• **Dataset section**
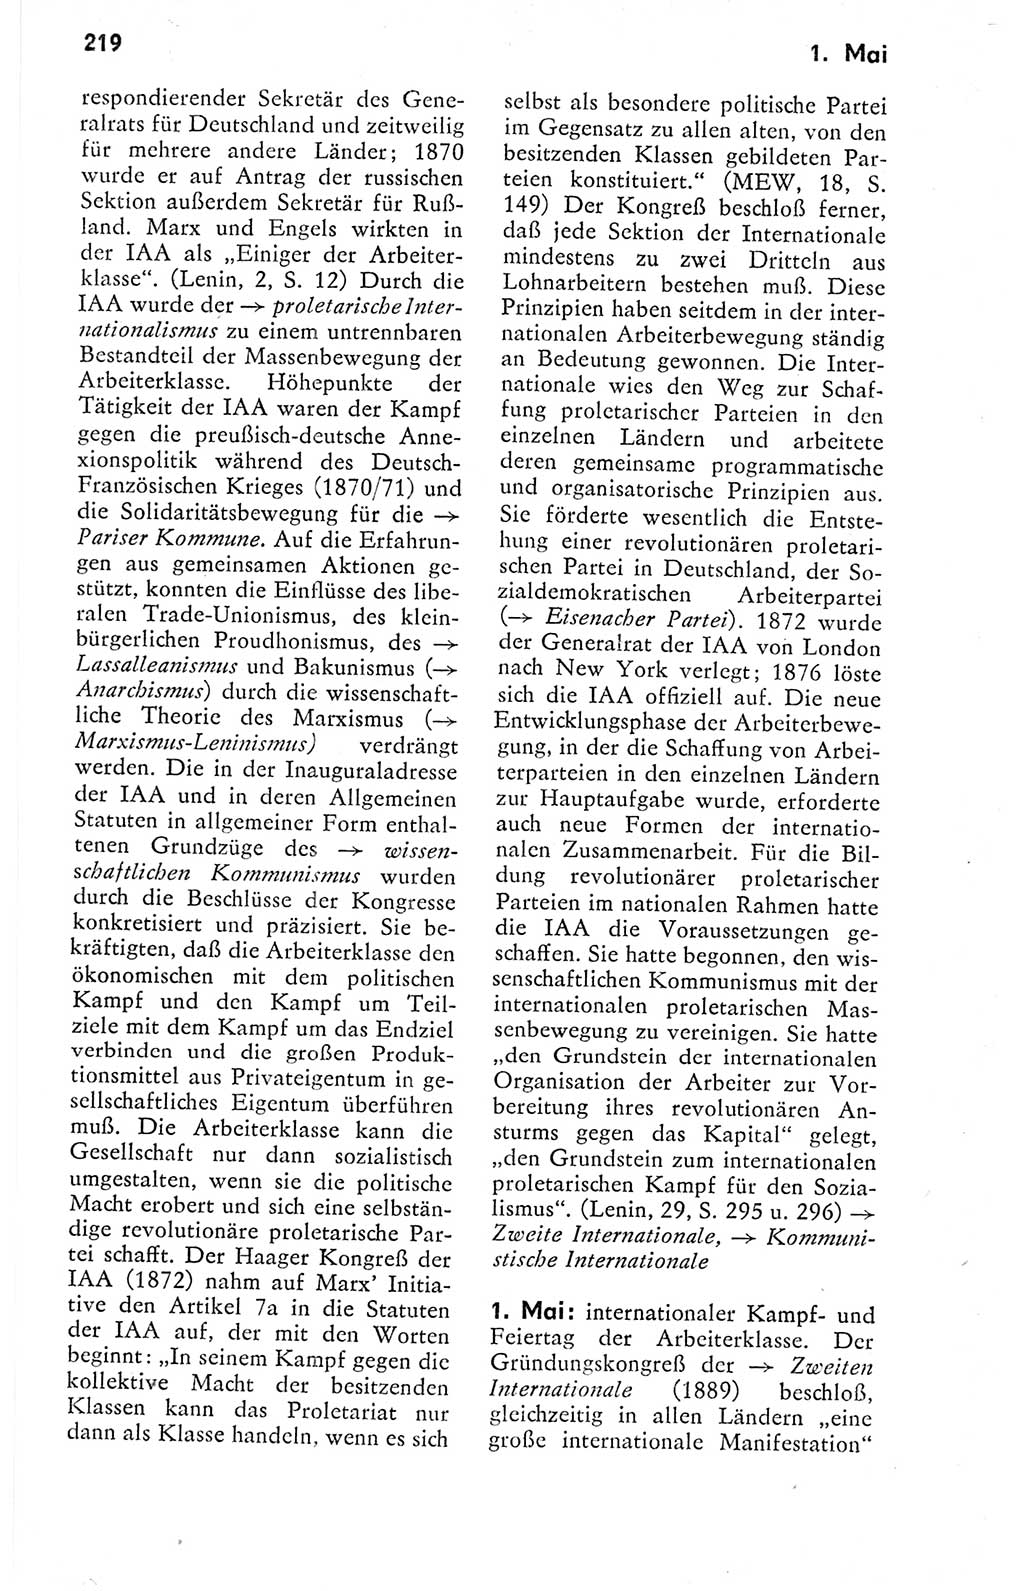 Kleines politisches Wörterbuch [Deutsche Demokratische Republik (DDR)] 1978, Seite 219 (Kl. pol. Wb. DDR 1978, S. 219)
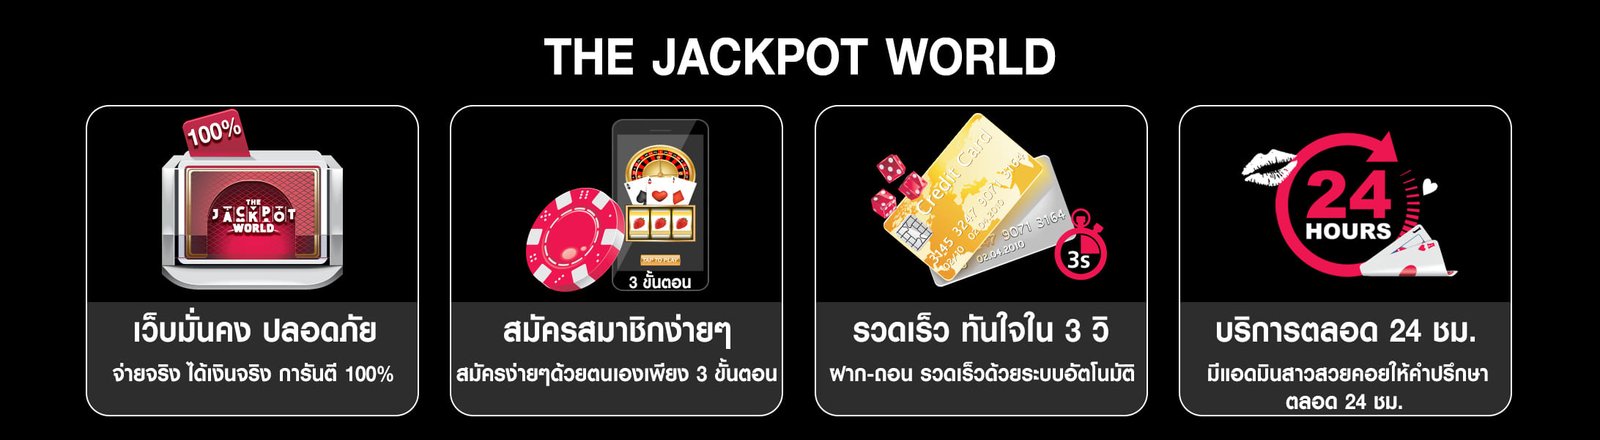 เว็บไซต์ The Jackpot World
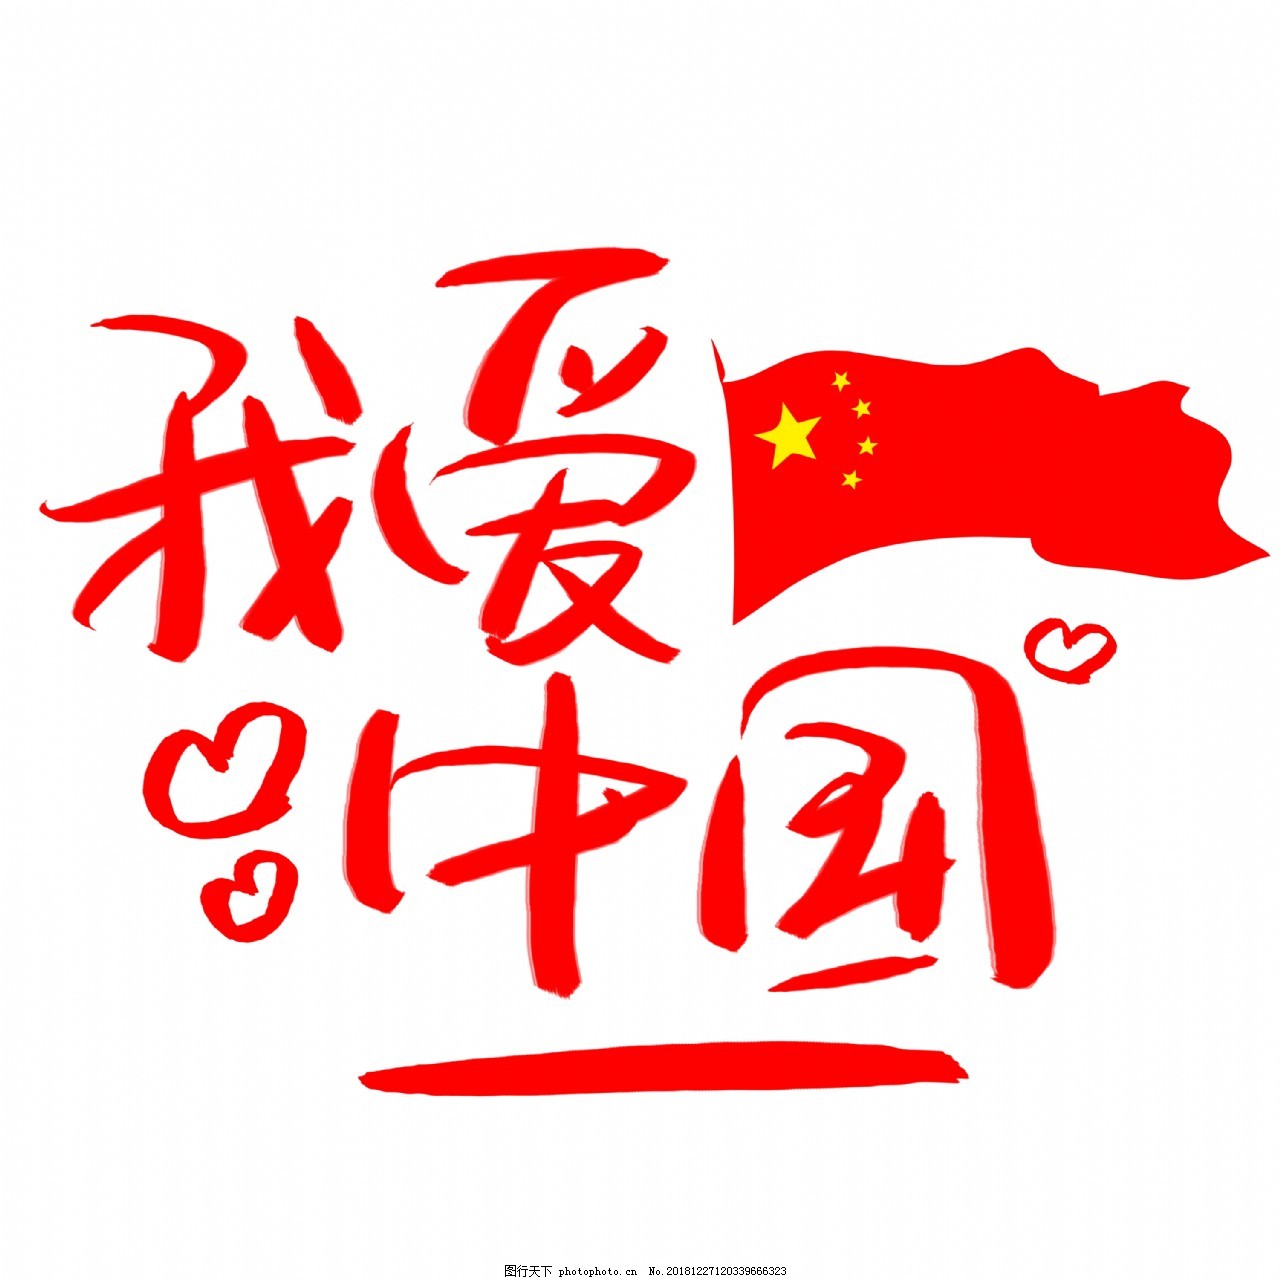 我爱中国手写手绘书法艺术字
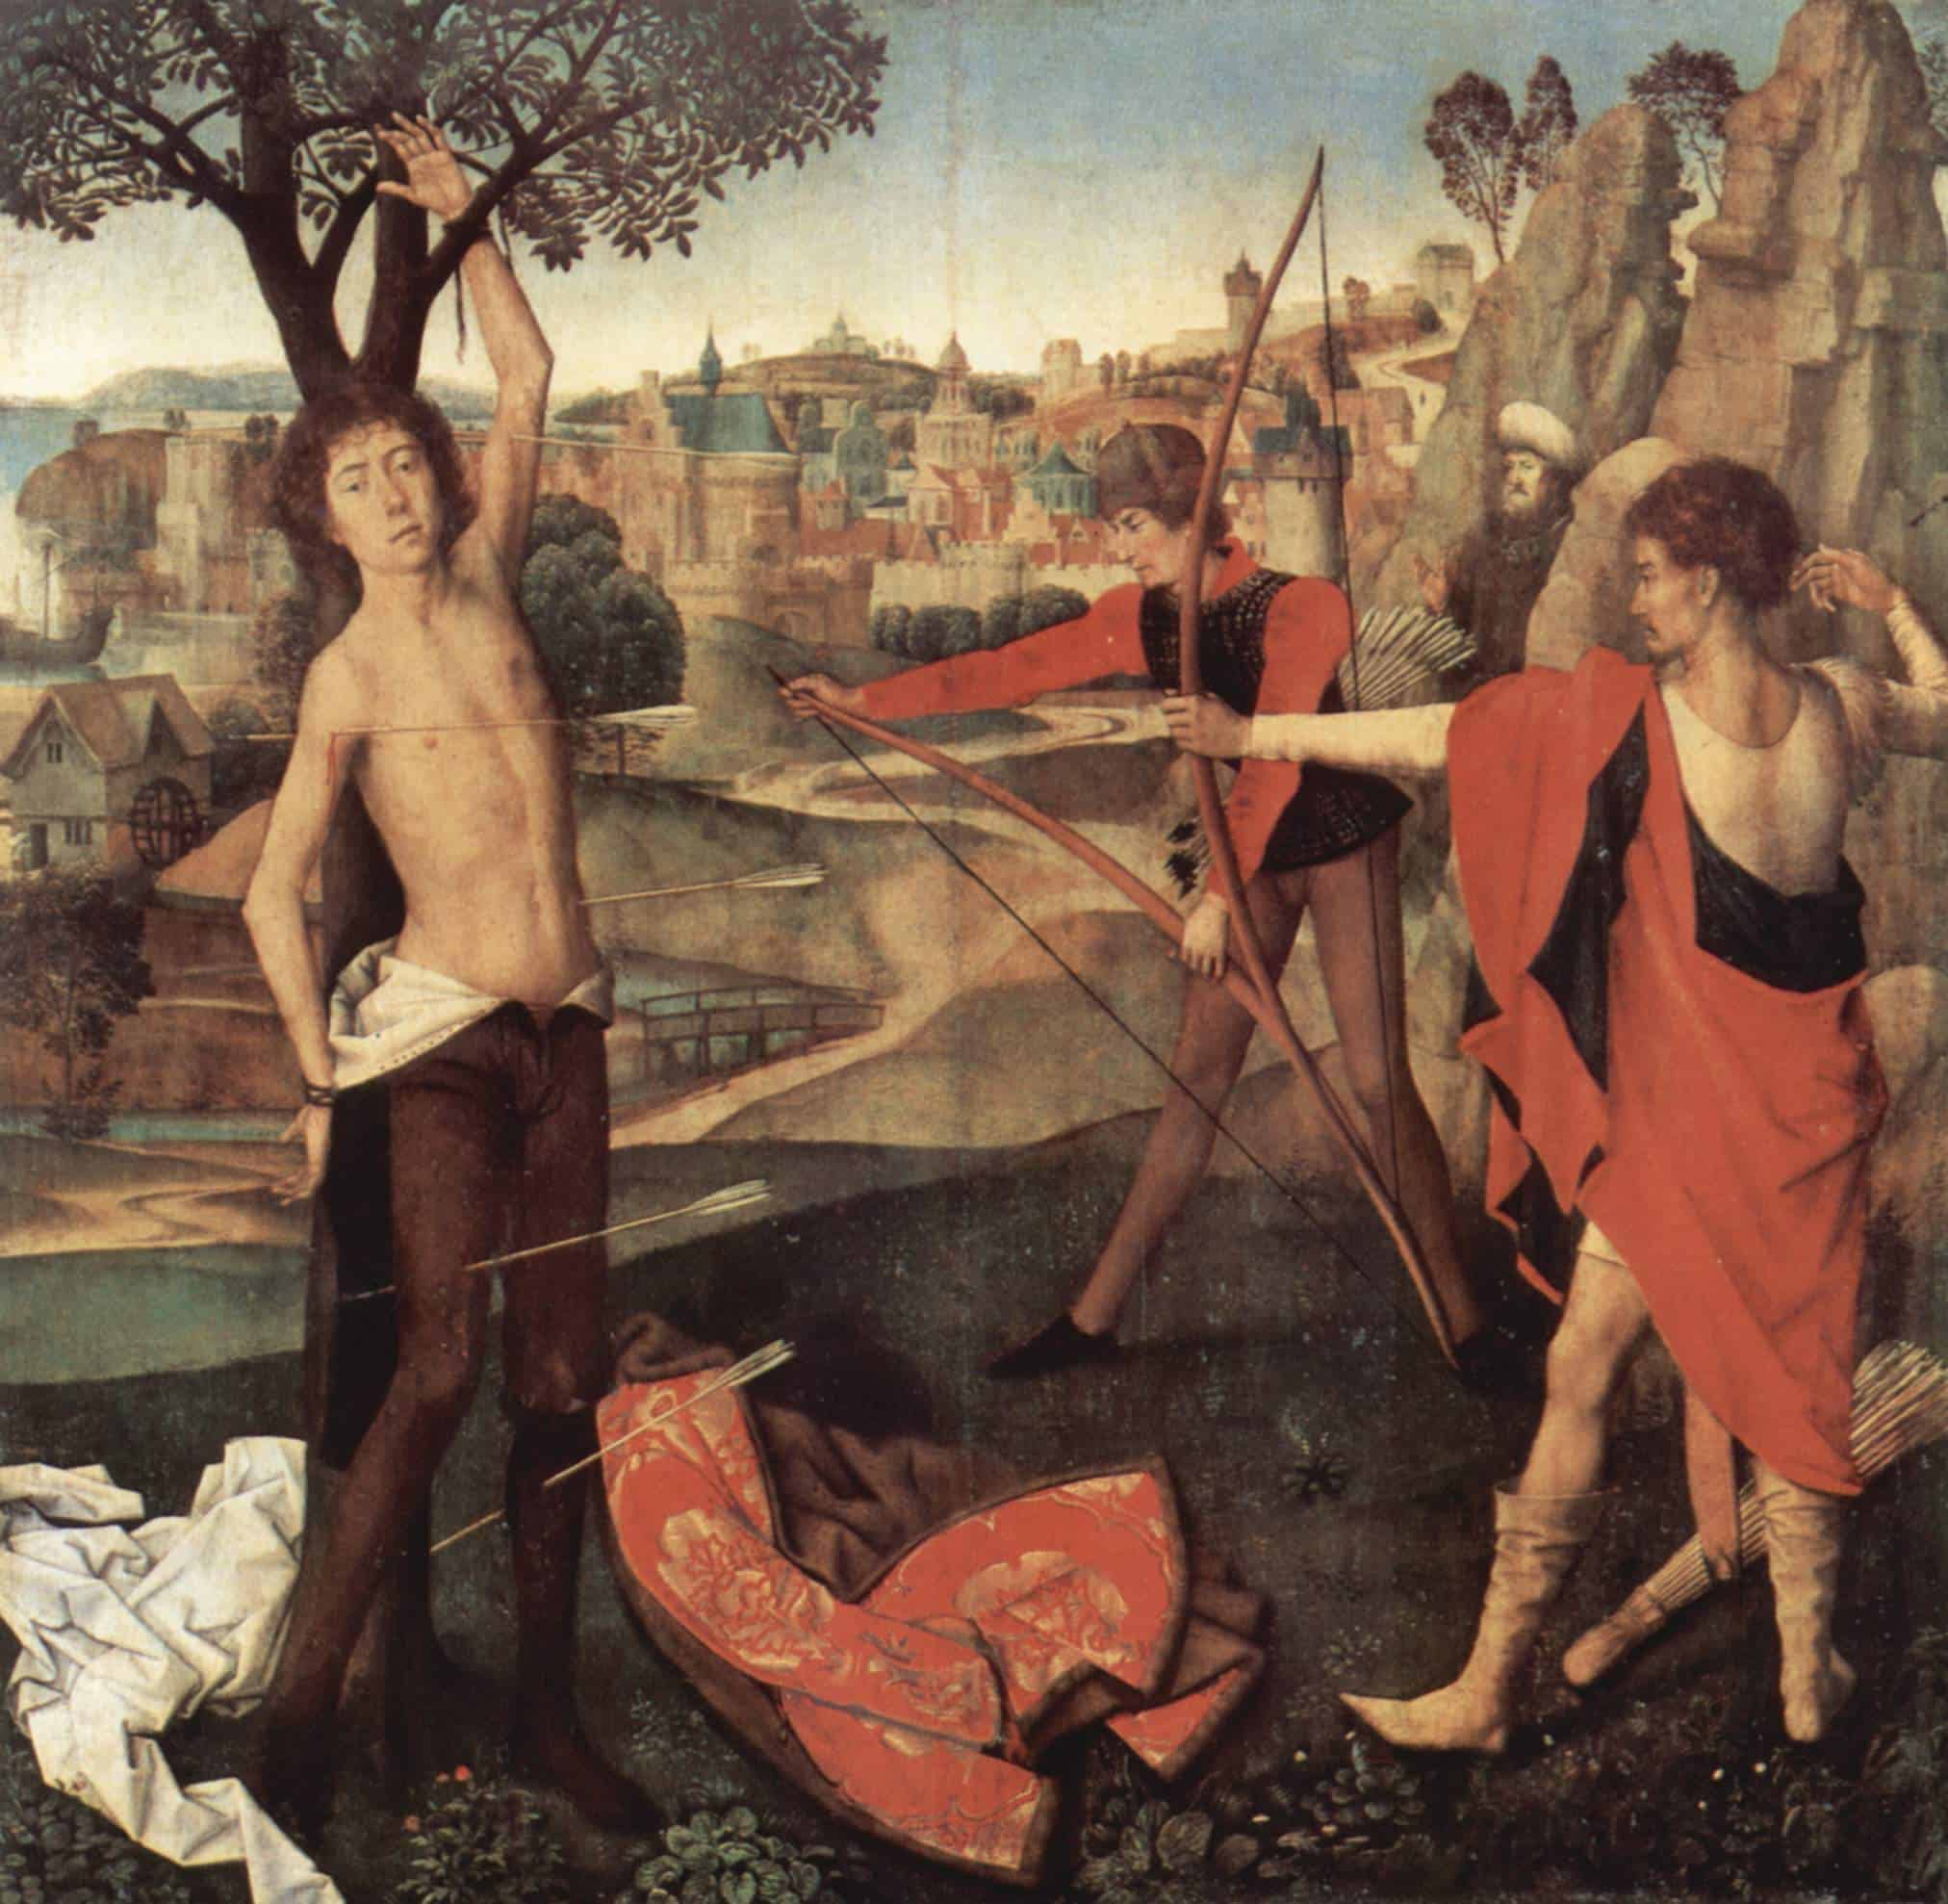 Op een schilderij is een vastgebonden, gedeeltelijk geklede man afgebeeld die met een pijl wordt neergeschoten door twee boogschutters die handboogschieten beoefenen. De achtergrond toont een heuvelachtig landschap met een klein stadje.

• **Problem requirements**
Would you copy all of the data exactly? Keep the pictures out of it.

• **Solution below**
 Kleines politisches Wörterbuch [Deutsche Demokratische Republik (DDR)] 1978, Seite 219 (Kl. pol. Wb. DDR 1978, S. 219)
 เว็บไซต์ The Jackpot World
 我爱中国手写手绘书法艺术字
 Op een schilderij is een vastgebonden, gedeeltelijk geklede man afgebeeld die met een pijl wordt neergeschoten door twee boogschutters die handboogschieten beoefenen. De achtergrond toont een heuvelachtig landschap met een klein stadje.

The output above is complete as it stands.